Data supplied:
____
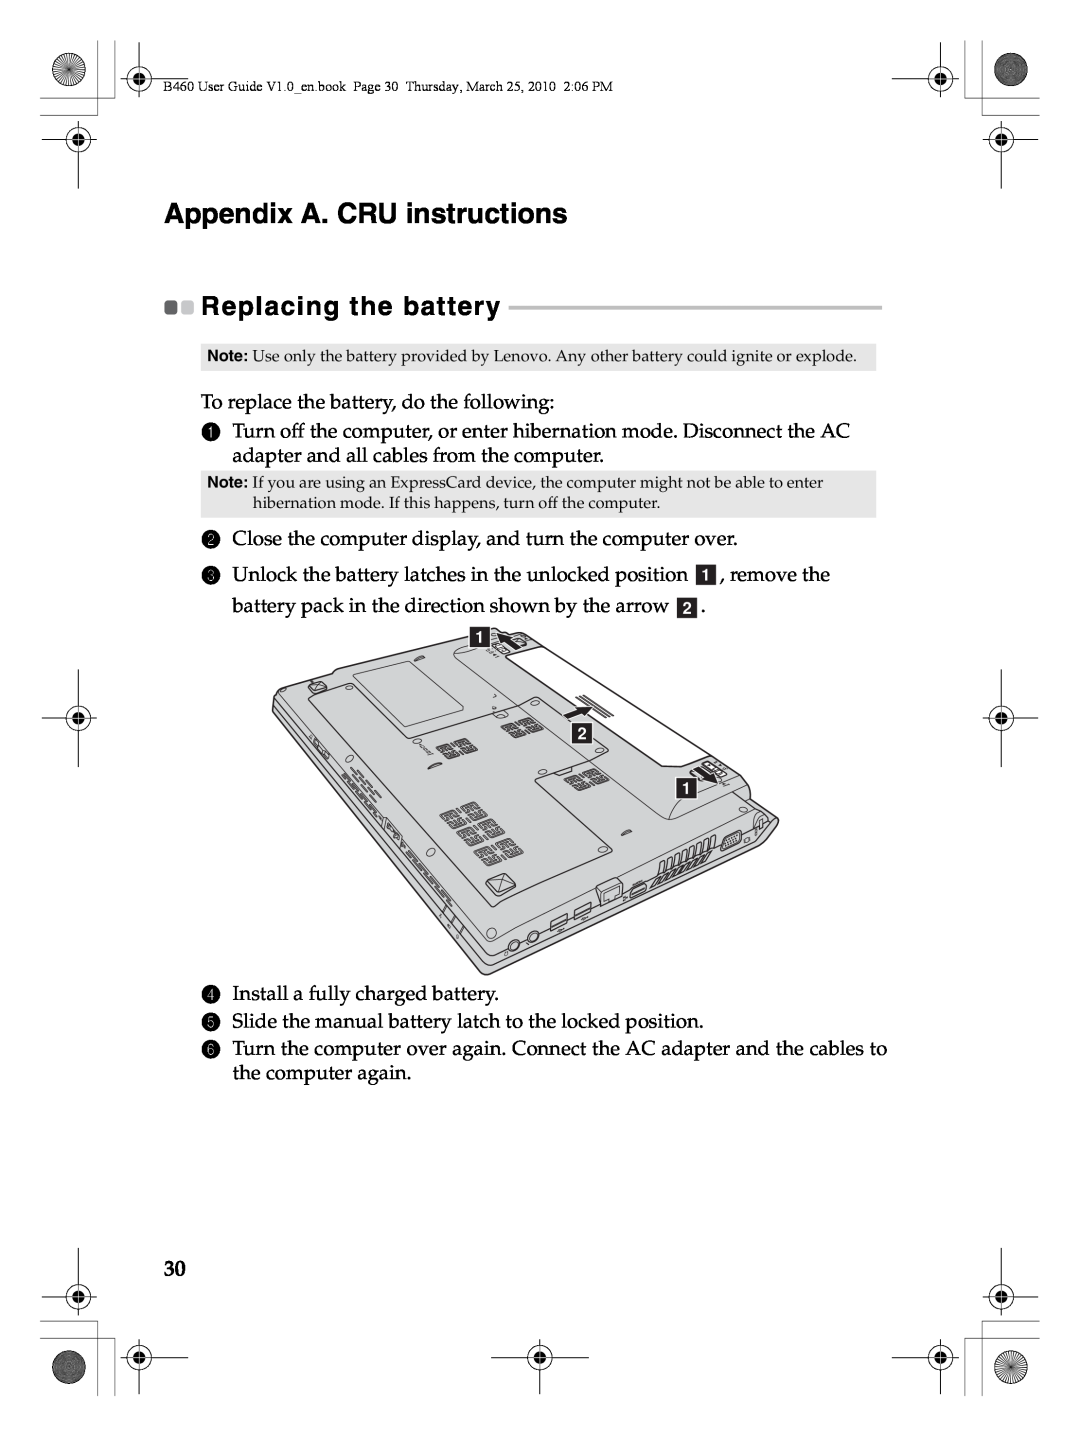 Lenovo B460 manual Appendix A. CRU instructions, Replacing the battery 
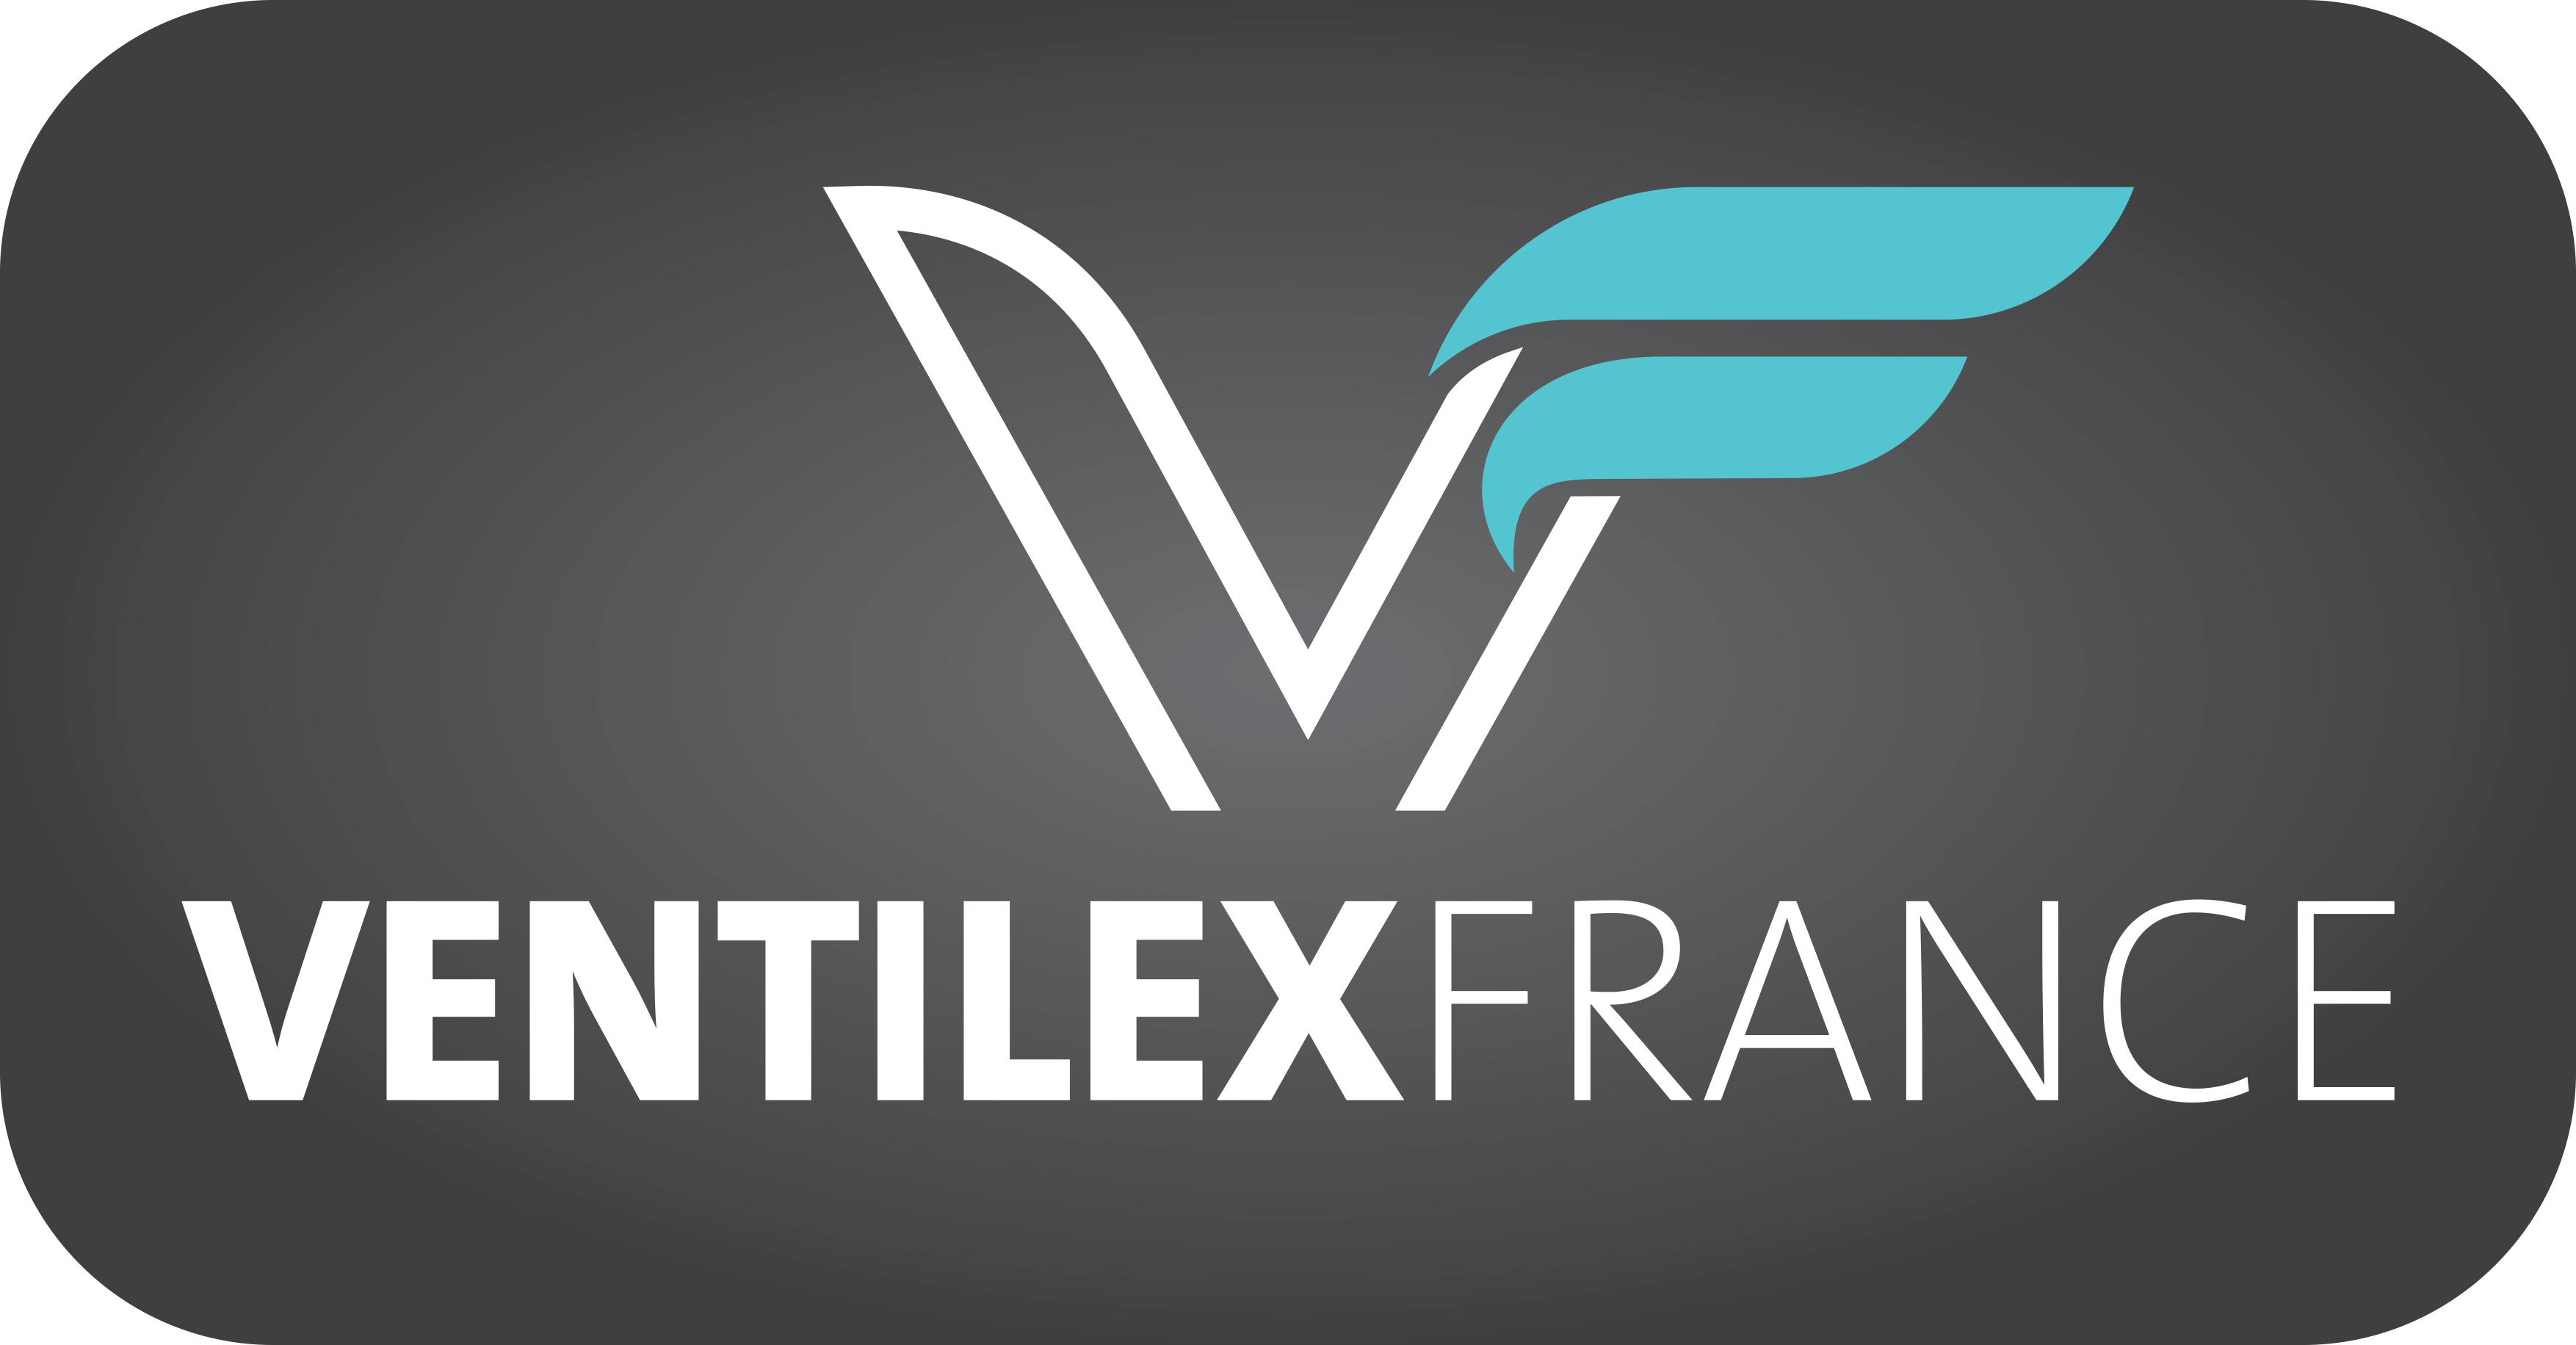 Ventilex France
____
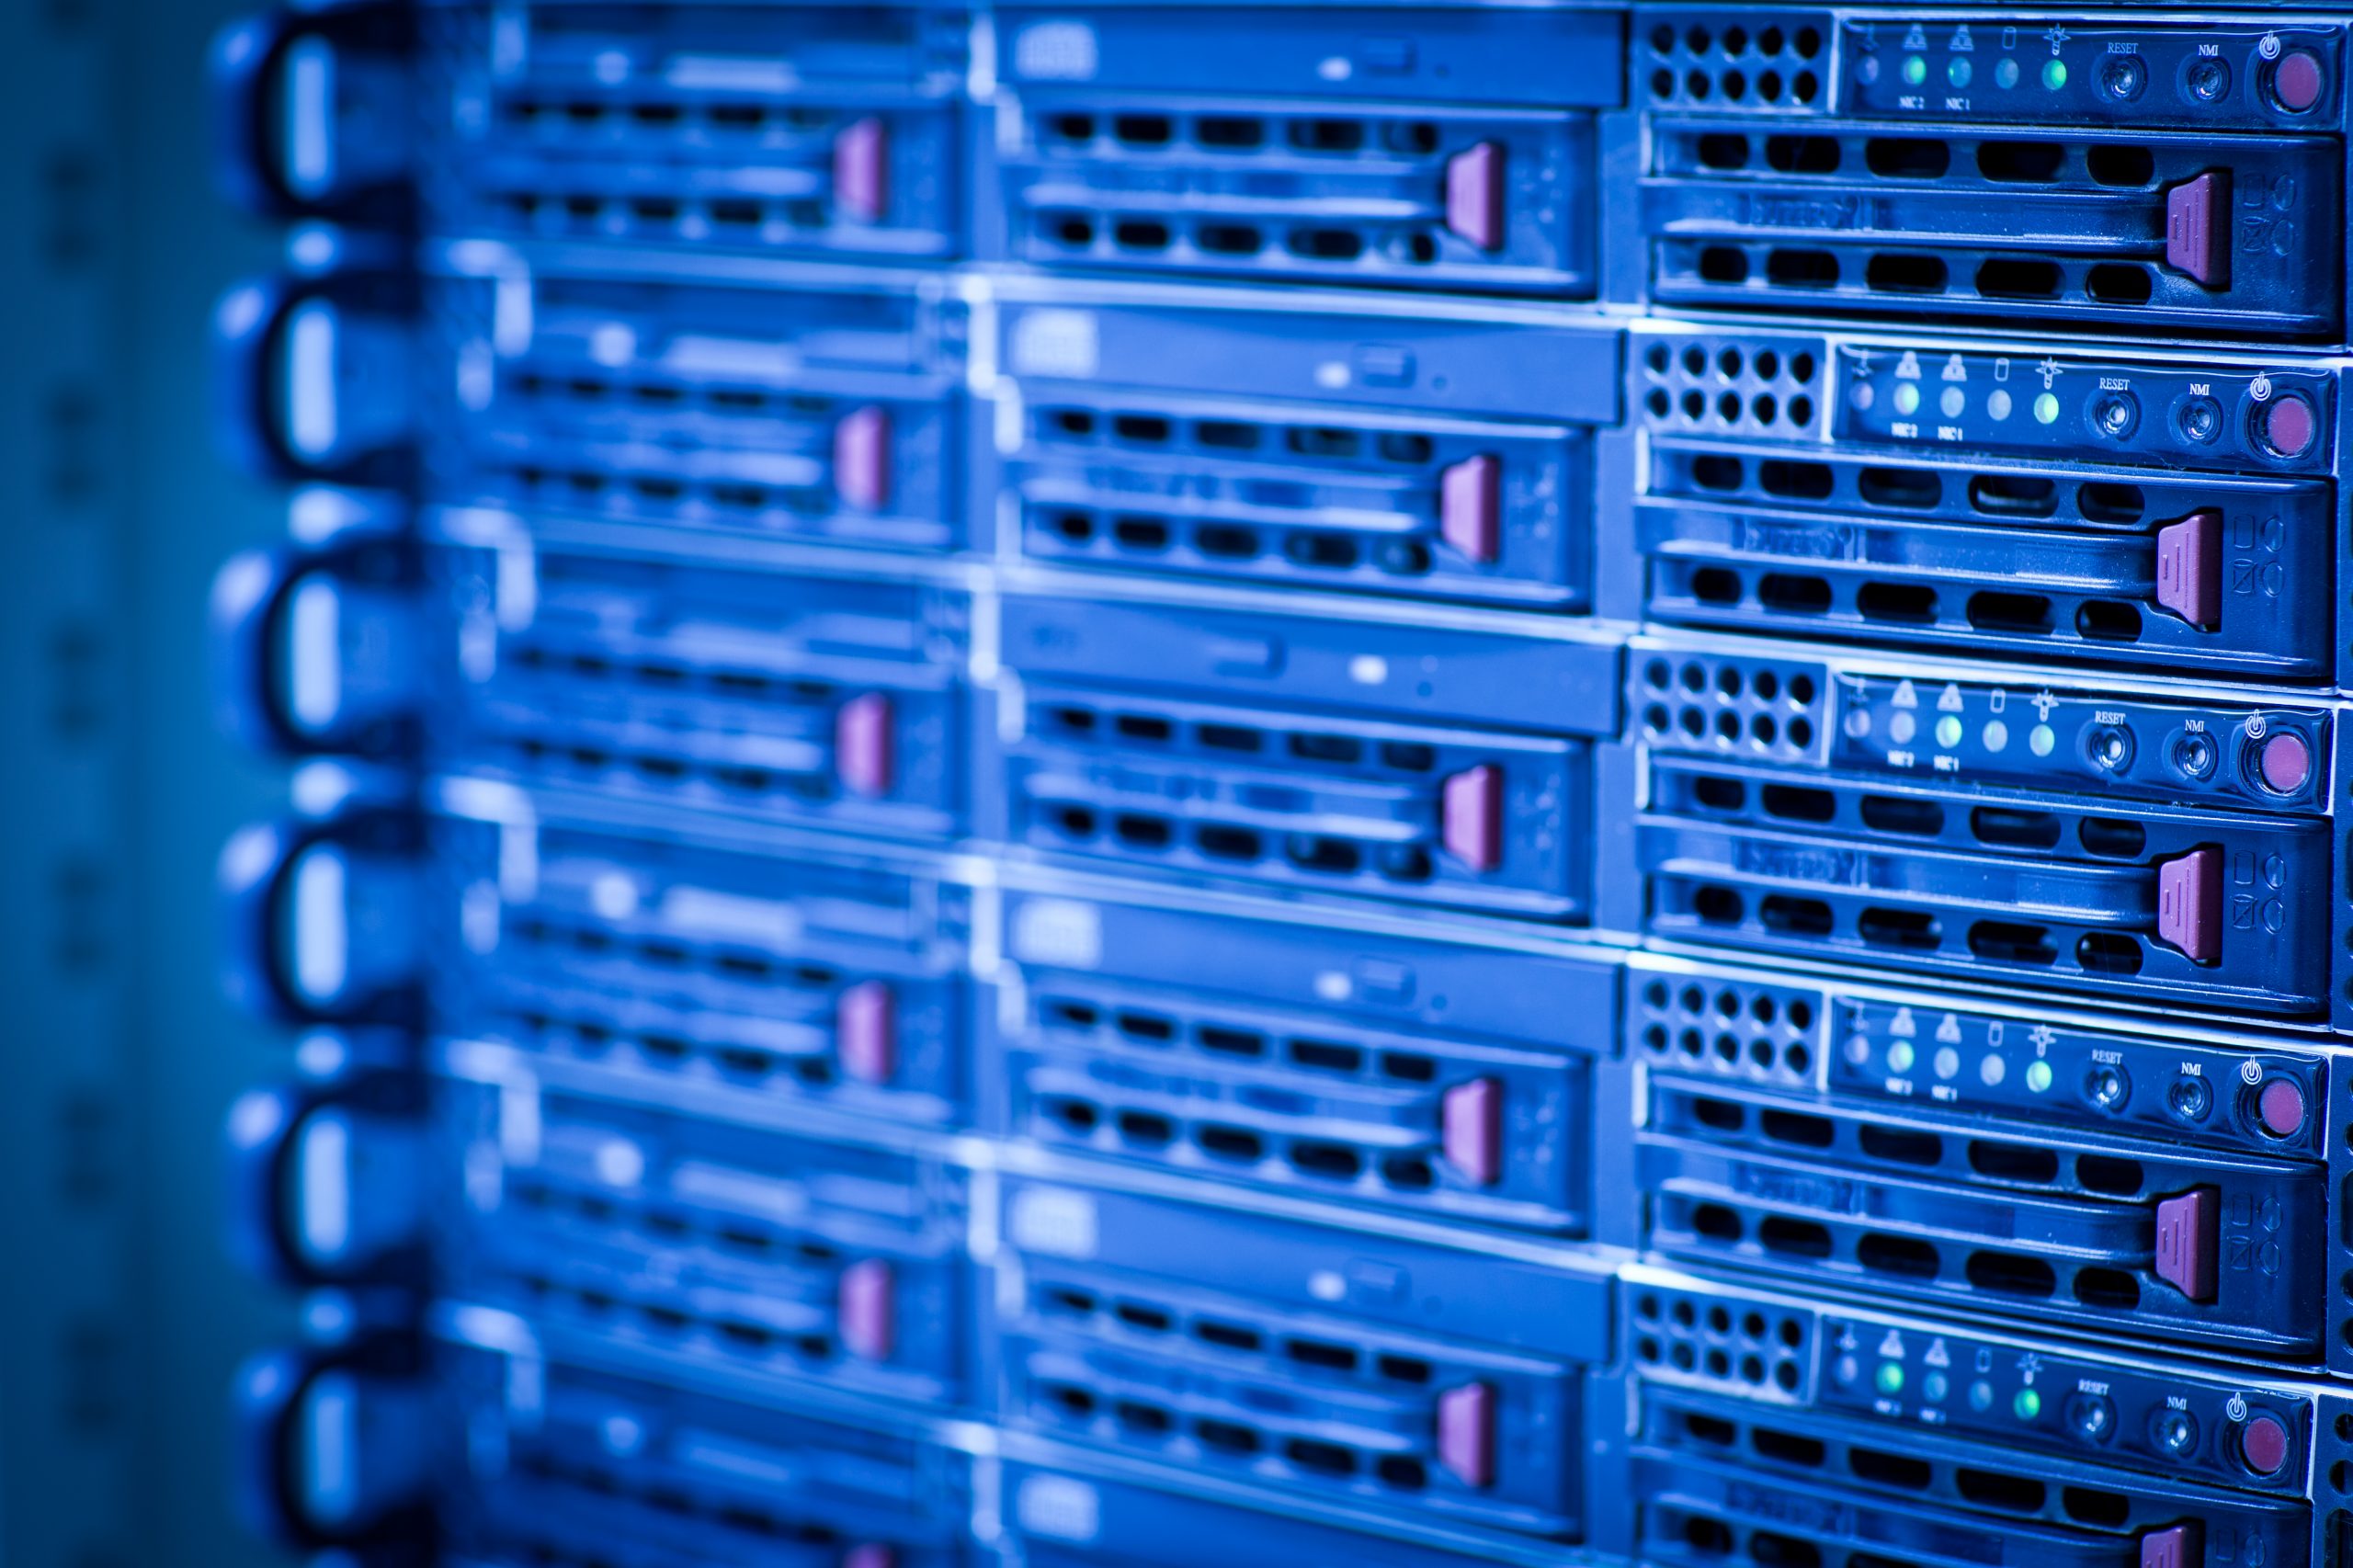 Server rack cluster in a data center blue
____
Prompt:
Make an exact copy of the lines above, beginning with the line with "Lenovo B460 manual" and ending with the line with "Ventilex France", and keep the pictures out of it.

Task result:
 Lenovo B460 manual Appendix A. CRU instructions, Replacing the battery 
 Ventilex France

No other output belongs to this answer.